Work required
All lines of the entries with "page" in them must be listed.

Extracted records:
==================================================

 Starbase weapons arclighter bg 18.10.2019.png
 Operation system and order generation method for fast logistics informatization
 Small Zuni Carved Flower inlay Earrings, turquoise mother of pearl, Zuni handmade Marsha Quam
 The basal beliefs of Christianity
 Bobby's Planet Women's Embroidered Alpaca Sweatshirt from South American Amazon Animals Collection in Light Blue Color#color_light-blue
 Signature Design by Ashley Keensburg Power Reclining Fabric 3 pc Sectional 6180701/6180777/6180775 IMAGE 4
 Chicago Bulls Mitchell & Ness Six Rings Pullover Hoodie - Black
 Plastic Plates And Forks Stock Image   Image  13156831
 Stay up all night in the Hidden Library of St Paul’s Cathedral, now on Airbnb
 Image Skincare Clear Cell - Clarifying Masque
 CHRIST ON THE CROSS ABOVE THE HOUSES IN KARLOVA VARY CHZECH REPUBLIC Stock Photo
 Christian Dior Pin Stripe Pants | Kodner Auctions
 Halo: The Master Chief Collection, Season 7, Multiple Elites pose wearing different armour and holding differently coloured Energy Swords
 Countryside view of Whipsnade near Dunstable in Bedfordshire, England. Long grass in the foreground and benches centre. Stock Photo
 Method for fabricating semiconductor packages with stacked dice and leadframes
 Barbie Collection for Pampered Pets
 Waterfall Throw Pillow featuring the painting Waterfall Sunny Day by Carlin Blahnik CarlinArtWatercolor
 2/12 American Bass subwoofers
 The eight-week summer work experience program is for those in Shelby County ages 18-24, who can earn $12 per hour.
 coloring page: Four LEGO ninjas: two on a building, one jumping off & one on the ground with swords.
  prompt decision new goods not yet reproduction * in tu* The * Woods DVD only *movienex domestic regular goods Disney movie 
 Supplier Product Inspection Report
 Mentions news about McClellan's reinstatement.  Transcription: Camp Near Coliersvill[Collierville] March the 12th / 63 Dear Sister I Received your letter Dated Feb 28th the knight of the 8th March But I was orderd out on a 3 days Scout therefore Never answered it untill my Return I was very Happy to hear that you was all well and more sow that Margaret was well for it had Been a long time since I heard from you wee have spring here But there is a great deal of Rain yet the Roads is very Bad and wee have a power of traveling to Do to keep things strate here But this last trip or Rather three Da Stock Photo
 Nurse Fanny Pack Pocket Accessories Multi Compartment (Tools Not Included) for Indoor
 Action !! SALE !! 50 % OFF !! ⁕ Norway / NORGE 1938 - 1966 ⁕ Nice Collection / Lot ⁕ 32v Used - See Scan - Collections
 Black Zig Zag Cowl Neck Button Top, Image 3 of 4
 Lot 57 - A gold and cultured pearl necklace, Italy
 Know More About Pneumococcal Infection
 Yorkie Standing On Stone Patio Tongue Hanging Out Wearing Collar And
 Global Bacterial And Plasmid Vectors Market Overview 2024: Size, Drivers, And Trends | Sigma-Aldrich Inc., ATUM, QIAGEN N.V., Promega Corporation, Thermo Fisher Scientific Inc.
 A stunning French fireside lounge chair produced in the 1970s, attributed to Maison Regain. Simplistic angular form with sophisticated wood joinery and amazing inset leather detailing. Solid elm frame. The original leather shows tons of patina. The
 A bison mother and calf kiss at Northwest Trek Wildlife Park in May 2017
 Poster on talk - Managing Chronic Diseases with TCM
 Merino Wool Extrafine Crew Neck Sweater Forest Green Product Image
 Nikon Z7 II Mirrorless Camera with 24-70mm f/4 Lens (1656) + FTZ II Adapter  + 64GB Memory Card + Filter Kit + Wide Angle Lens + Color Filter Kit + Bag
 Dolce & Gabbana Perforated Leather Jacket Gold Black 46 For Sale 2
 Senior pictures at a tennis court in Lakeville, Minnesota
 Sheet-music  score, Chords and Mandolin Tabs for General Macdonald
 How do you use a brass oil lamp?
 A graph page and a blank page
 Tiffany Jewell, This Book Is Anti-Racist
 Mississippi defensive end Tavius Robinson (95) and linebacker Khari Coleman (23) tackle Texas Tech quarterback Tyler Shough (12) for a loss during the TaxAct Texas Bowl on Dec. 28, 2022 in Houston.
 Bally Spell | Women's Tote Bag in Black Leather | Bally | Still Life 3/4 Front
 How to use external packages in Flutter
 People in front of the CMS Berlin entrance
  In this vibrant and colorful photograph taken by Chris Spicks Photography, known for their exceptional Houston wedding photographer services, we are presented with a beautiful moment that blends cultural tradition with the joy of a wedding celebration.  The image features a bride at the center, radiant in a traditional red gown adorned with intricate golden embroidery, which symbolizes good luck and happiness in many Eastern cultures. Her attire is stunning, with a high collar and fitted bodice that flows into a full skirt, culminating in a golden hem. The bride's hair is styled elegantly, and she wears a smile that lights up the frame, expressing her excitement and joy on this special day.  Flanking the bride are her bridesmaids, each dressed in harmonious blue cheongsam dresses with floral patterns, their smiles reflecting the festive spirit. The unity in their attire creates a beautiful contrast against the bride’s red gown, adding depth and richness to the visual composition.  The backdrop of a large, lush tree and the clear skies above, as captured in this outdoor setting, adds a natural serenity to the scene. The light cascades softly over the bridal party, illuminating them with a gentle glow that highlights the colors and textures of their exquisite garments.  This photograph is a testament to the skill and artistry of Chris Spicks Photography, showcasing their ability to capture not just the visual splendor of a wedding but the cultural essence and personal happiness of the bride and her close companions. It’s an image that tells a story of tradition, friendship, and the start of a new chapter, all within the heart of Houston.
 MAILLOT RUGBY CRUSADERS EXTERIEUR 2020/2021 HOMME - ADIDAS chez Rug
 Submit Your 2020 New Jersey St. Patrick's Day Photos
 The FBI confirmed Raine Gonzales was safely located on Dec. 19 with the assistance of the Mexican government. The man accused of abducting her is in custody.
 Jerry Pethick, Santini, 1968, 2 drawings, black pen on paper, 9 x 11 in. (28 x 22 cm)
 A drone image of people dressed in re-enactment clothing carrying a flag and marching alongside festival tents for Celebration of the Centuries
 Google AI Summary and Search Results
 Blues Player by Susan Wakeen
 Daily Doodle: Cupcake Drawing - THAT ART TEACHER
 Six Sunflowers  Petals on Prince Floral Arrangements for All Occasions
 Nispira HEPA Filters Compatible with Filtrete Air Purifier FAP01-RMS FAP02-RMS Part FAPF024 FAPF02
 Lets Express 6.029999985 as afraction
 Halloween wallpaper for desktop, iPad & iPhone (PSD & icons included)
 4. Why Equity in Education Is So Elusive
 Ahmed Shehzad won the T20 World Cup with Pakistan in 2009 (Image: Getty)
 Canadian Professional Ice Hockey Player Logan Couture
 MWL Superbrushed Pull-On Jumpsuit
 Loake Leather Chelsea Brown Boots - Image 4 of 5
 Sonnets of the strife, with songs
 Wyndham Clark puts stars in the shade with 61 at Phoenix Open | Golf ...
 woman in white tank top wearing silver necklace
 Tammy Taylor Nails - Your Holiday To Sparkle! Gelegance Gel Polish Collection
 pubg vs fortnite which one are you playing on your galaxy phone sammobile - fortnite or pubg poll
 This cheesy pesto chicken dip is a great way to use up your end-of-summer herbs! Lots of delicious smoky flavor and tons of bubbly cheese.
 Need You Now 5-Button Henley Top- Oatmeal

==================================================

Solved exercise
 coloring page: Four LEGO ninjas: two on a building, one jumping off & one on the ground with swords.
 A graph page and a blank page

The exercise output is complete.